Governo não atende pauta dos SPF e entidades devem intensificar mobilização


O governo federal deu uma demonstração clara nesta quarta-feira (19) de que não há disponibilidade em negociar com os servidores públicos federais (SPF). O recado foi transmitido na reunião entre representantes do Fórum das Entidades Nacionais do SPF e membros da Secretaria de Relações do Trabalho do Ministério do Planejamento, Orçamento e Gestão (Mpog), que aconteceu durante o ato realizado pelos servidores na Esplanada dos Ministérios, em Brasília (DF). 

A atividade contou com a presença de centenas de manifestantes de diversas categorias do funcionalismo público e integra o Dia Nacional de Mobilização chamado pelo Fórum. Em diversas cidades do país, os docentes federais se uniram aos demais servidores e foram às ruas cobrar atendimento à pauta unificada da categoria, em defesa de serviços públicos de qualidade e valorização dos SPF. 

Segundo informe passado após a reunião com o Mpog, o Secretário de Relações do Trabalho (SRT/Mpog) Sérgio Mendonça recebeu os dirigentes, acompanhado de sua equipe, e foi explícito ao informar que o governo entende que há um acordo vigente, firmado em 2012 com várias categorias do funcionalismo, e que não irá negociar, nem a pauta específica das categorias nem a unificada dos SPF, e que não há margem orçamentária para revisão do acordado. 

De acordo com Paulo Barela, representante da CSP-Conlutas na mesa, o secretário da SRT/Mpog disse apenas que seria possível refletir sobre a possibilidade de reajuste nos benefícios sociais. “Reivindicamos um calendário de reuniões para manter a porta aberta e Mendonça respondeu que não há necessidade, pois isso não irá reverter a posição do governo”, comentou Barela.

O coordenador da CSP-Conlutas informou que as entidades cobraram do governo uma resposta escrita e oficial à pauta protocolada em janeiro, o que foi prometido para o final de março, e informaram que as entidades devem intensificar as mobilizações. “Já existe uma greve em curso e várias entidades já têm uma agenda de ações. Vamos intensificar a mobilização para pressionar o governo a mudar essa postura intransigente, como fizemos em 2012”, finalizou.

Ato na Esplanada
Na capital federal, representantes do ANDES-SN e de várias categorias se reuniram em frente ao prédio principal do Mpog (Bloco K), para cobrar a resposta do governo à pauta unificada e a audiência com a ministra Miriam Belchior.  No início de fevereiro, o Planejamento havia se comprometido com dirigentes do Fórum dos SPF em dar retorno às reivindicações e sobre o encontro com ministra até o início de março, o que não ocorreu.

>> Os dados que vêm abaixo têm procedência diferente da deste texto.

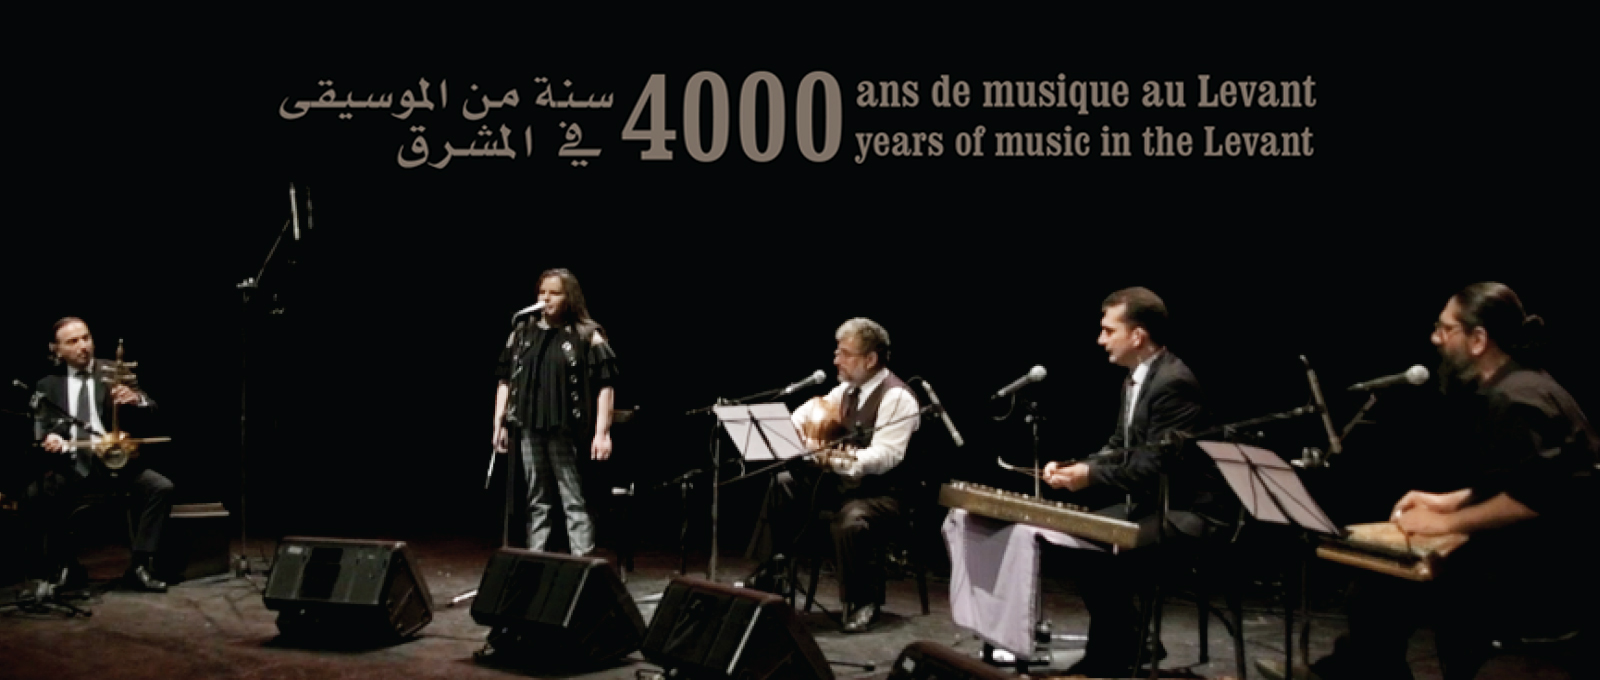 4000 Years of Levantine Music

Durante a fala dos representantes das entidades presentes no ato, ficou explícita a indignação dos servidores com o descaso do governo em relação ao pleito da categoria, principalmente diante da argumentação de que não há recursos disponíveis, uma vez que o governo reviu diversos contratos e aumentou o repasse de verba pública para as empreiteiras que estão construindo estádios pra a Copa. Também foram saudados os técnicos administrativos das universidades federais, representados pela Fasubra, em greve desde segunda-feira (17).

Gibran Jordão, coordenador da Fasubra, destacou que, em seu segundo dia, a paralisação por tempo indeterminado já conta com a adesão de mais da metade da categoria. “A greve é uma reação ao descaso do governo com a Educação e com os técnicos administrativos, que recebem o pior piso do funcionalismo federal, cerca de um salário mínimo e meio. Estamos vivendo um clima político em que cresce a mobilização dos trabalhadores para organizar a luta e assim arrancar do governo resposta à pauta específica das categorias e também à pauta unificada”, disse.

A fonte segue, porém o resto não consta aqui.